EPSILON@UA is a national user facility that provides a unique state of the art surface characterization by photoelectron spectroscopy. The facility offers a combination of state-of-the-art valence and core-level characterization capabilities together with unique imaging spectroscopies. EPSILON@UA is equipped with X-ray Photoemission Spectroscopy (XPS), Ultraviolet Photoemission Spectroscopy (UPS), Inverse Photoemission Spectroscopy (IPES), energy-filtered Photoelectron Emission Microscopy (PEEM), and spatially-resolved Angle-Resolved Photoemission Spectroscopy (μARPES) and spatially-resolved X-ray Photoemission Spectroscopy.
Photoemission spectroscopy is a powerful tool to characterize the electronic structure and chemical composition of materials. When irradiating a sample with extreme UV or x-ray photons, electrons are emitted from the sample that are characteristic of the material composition and its electronic structure. One may access chemical bonding, work function, band structure, valence electronic levels (both occupied and unoccupied), both area averaged as well as spatially resolved.

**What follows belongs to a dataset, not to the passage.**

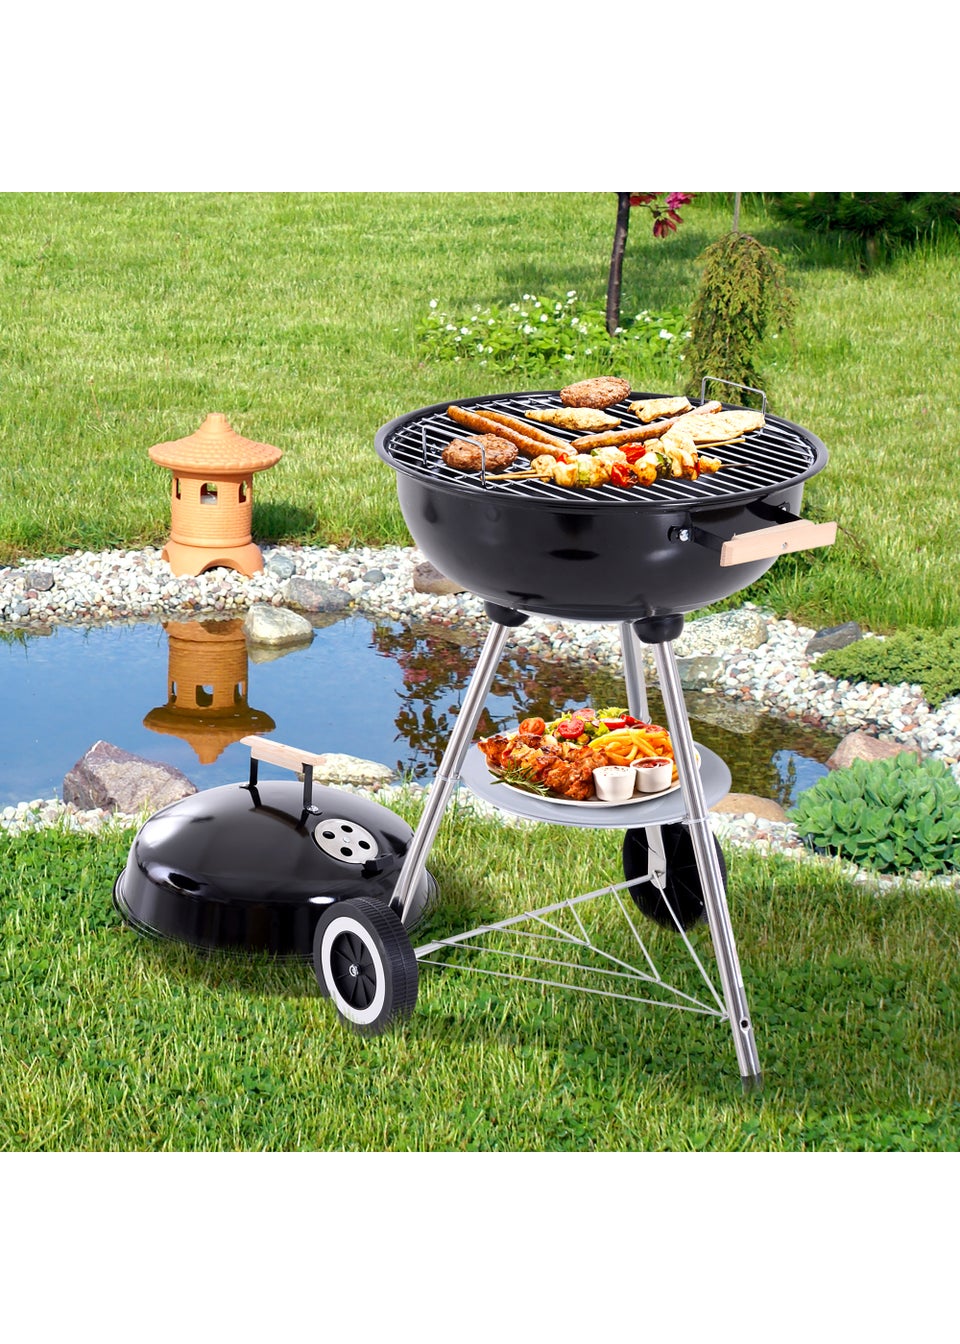 Outsunny Portable Round Kettle Charcoal Grill BBQ Smoker with Lid

The unique capabilities of EPSILON@UA offer an opportunity for users to quantify and measure the chemical composition, the electronic structure and the band structure of thin films, interfaces and solids, with spatial resolution down to approximately 100 nm and temperatures from 30 K to 1000 K. In addition, there is a variety of sample preparation capabilities, including a connected glove box, evaporators, and depth-profiling.